31章 ふたたびルネットの話術


ガウェインとの決戦で負った怪我が癒えると、イヴァンは即座に宮廷を出発した。
旅の仲間はライオンだけ。いまや、ライオンなしでの生活は考えらなくなっていたのだ。

イヴァンとライオンは、ローディーヌの領地を目指して進む。
やがて、泉にたどり着くとイヴァンは泉の水をそばの岩にかける。
たちまちに大嵐がやってきた。

この大嵐で、ローディーヌの治める街は大混乱に陥った。
――ていうか、もっと穏健な方法でローディーヌの街に行けないのだろうかと思うけれど、なんでも異界らしいので仕方ない。

「まったく、なんということかしら!
街を荒らすものは誰であろうと、決して許せないのだわ。」

と、ローディーヌは言った。

「で、ございますねぇ。」とルネットが相槌を打つ。
「いつまでも、泉を守る騎士がいないのでは、領民も安心できません。
近いうちに、何とかしなければなりませんね。」

「ルネット、なにか考えがあるのなら言ってみなさい。
貴女はなかなか賢いですからね、きっと言い考えがあるのでしょう?」

「そうですねぇ…。」

と、考えこむフリをしながらも、ルネットの考えというのはすでに決まっている。

「レディ、心当たりといえばこんな騎士がいます。
その方は、巨人を退治し、1対3の決闘にも勝利した強い騎士です。
この方なら適任ではないでしょうか?
彼の居場所も、だいたいわかっております。
ただ、問題がありまして…。」

言わずと知れた『獅子を連れた騎士』のことだ。
ローディーヌの方も、以前ルネットの救出に現れた『獅子を連れた騎士』と面識がある。
一度あっただけであるが、ローディーヌの方は『獅子を連れた騎士』に対してそれなりに好感を持っていた。

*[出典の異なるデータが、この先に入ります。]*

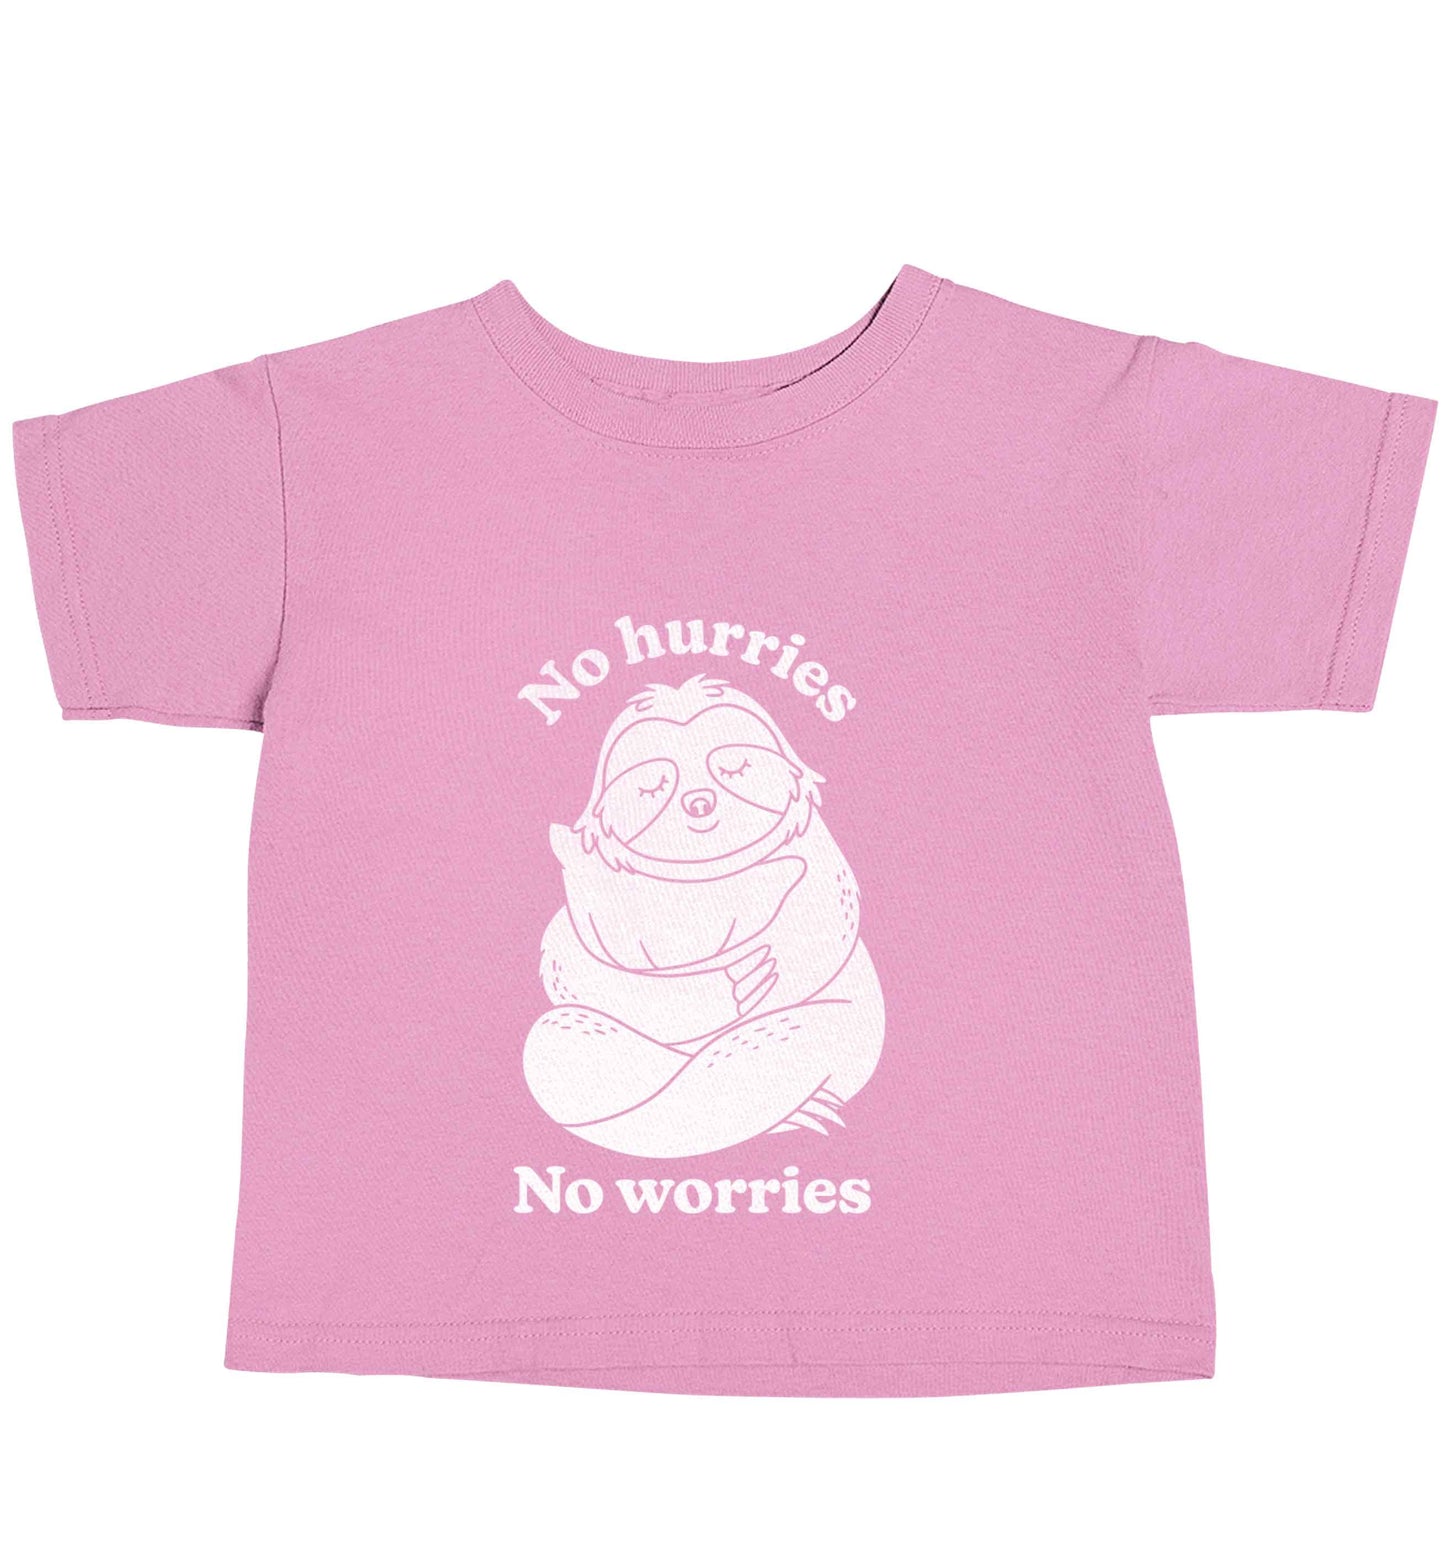 No hurries no worries light pink baby toddler Tshirt 2 Years

「その方なら、いいでしょう。でも、その問題とは何かしら?」

「はい、その方はある貴婦人の怒りに触れてしまい、悲しみのあまり死んでしまいそうになっているそうです。」

「あぁ、その話ですね。
私の方でも、彼がその貴婦人に許されるようになにかできないかしら?」

「レディ、貴女が協力してくださるのなら、きっとうまく行くでしょう。
一つ、誓を立てていただけますか?
彼が貴婦人と和解できるようにする、と。」

ローディーヌにとって異存はない。
深く考えることもなく、膝をついて誓いを立てた。

「神にかけて、私は『獅子を連れた騎士』が貴婦人との愛を取り戻せるよう、全力をつくすことを誓ましょう。」

…このようにして、ルネットはイヴァンとの約束を守ることに成功した(23章参照)。
もう、誓いを立てた以上、ローディーヌはイヴァンを許さざるを得なくなった。
かように、言質とってしまうというやりかたは非常に有用だ。

じっさい、聡明なルネットにとって、この程度のことはそうそう難しいことではない。
ただ、ルネットにとって考えていたよりも達成感を得ることはできなかった。
――どうしてルネットは約束を果たしたのに、達成感を得られなかったのか。
その辺は原文にもないんで、各自が想像して欲しい。

さて、ルネットは馬に乗って城を出ると、イヴァンを探しに出発した。